POST: 'Kitchen Sink Experiment(s)' - I saw myself and my dearest friends
What’s it about?
Kitchen Sink Experiment(s) is about a young couple, Brian and Simone, who are being observed by a scientist in their home for a week. The two sign up for the experiment not knowing or caring what it will entail, only that it will pay them $150 a day. When the experiment begins, however, Brian and Simone find that it is not quite as easy as they thought it would be.
What did I experience?
The last time I walked down Troutman Avenue, the pavement was warmed by the sun and my face from the heat of my tears. As far as bad days go, that one was my worst.

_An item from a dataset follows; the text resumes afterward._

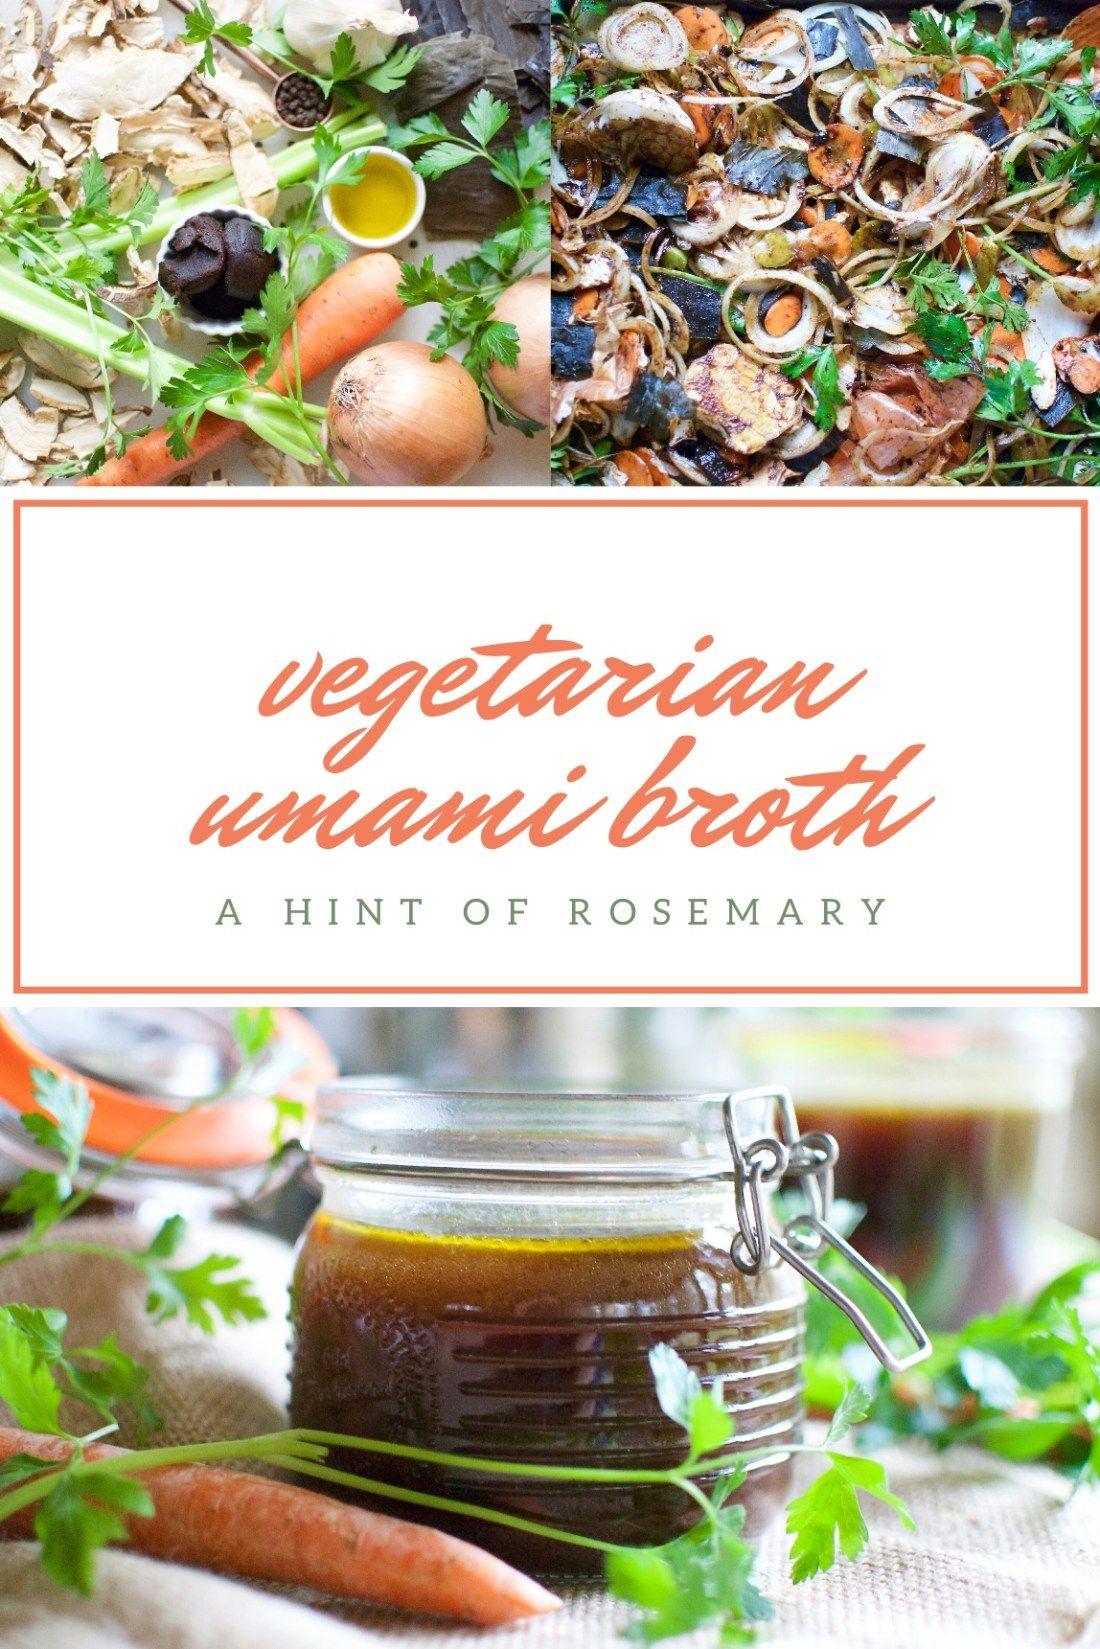 Vegetarian umami broth Recipe Vegetarian, Soups, stews

When I received an email from Crashbox Theatre Company informing me that to see Kitchen Sink Experiment(s) I’d have to return to the same streets that had seen me cry, I didn’t want to go. Suddenly, braving the dense crowds of Times Square to see a show on Broadway didn’t seem as repulsive as it usually does.
But it was too late to change my ticket and I was genuinely interested in seeing a play in an actual apartment with an audience of no more than 20. I’ve also found that the best way to burn bad memories from your mind is to replace them with different ones and to do so often. The more you replace them, the faster they’ll burn.

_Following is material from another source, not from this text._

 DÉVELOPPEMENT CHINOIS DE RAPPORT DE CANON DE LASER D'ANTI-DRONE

Attempt to burn away bad memories of Bushwick #1:
As I walked from the Jefferson Avenue subway stop to 28 Scott Avenue, the venue for the play, everything around me faded into familiarity. Here was the street I’d once cried on, there was the bench I’d once sat on with the man who’d once made me cry.
I got to Scott Avenue and found building 28. I signaled to a small group of people through the door to let me in. “Are you guys here for the thing?” I asked. They were. We were all waiting to be taken to the apartment unit in which the play would be. After some chitchat, one of the women in the group asked me how I’d learned of the play. “Rampant Googling,” I told her and asked how she had learned of it. Pointing to an older man sitting relaxedly at the bottom of the staircase, she said, “His son’s the lead actor.”
Once inside the apartment - a studio, actually - I was informed that I could sit on one of the chairs (5 chairs by the (faux) window) or one of the 15 cushioned bench seats along the wall of the kitchen area. I went for one of the cushions and sat down. There was one other person in the room with me, a bearded man with an ironic sweater. Feeling very much at ease from the indie rock playlist in the background, I asked the man if he was one of the actors in the play. “No, I wrote it,” he told me nonchalantly and sat down a couple of cushions away from me, beer in hand.
A few minutes later, all the seats were occupied and the music stopped. The lights dimmed and we found ourselves in the home of Simone and Brian. We were officially observers of a science experiment. But over the next hour and a half, what I observed was not science but uncertainty, insecurity, humor, and love. In Brian I saw the depersonalizing sadness of not knowing what to do with yourself or your life. In Simone I saw the frightening sadness of loving someone like Brian. In both, I saw myself and my dearest friends.
Strangely enough, I really didn't think about my own attempts at romance as I watched the play. I think it's because I have yet to love or be loved in the tender, nuanced way that Brian and Simone love each other (at one point we observed - and smelled - Brian making blueberry pancakes for Simone, even though he just came home after working all night. If that's not love, what is?).
After the show all audience members were invited to hang out with the cast at a nearby pub and on the way there I attached myself to a group of people who turned out to be the entourage of Matthew K. Davis, Brian. We all talked about other plays we'd seen, our jobs, and about frogging popcorn (you know, when you put popcorn into your mouth using only your tongue?). When Matthew arrived at the pub, I got to tell him that his performance was wonderful, that this was one of the best plays I'd ever experienced.
As I walked out of the pub and the world of Kitchen Sink Experiment(s) and back into Bushwick and real life, I felt a little freed from my memories. I think I may find myself in Bushwick again sooner than I think.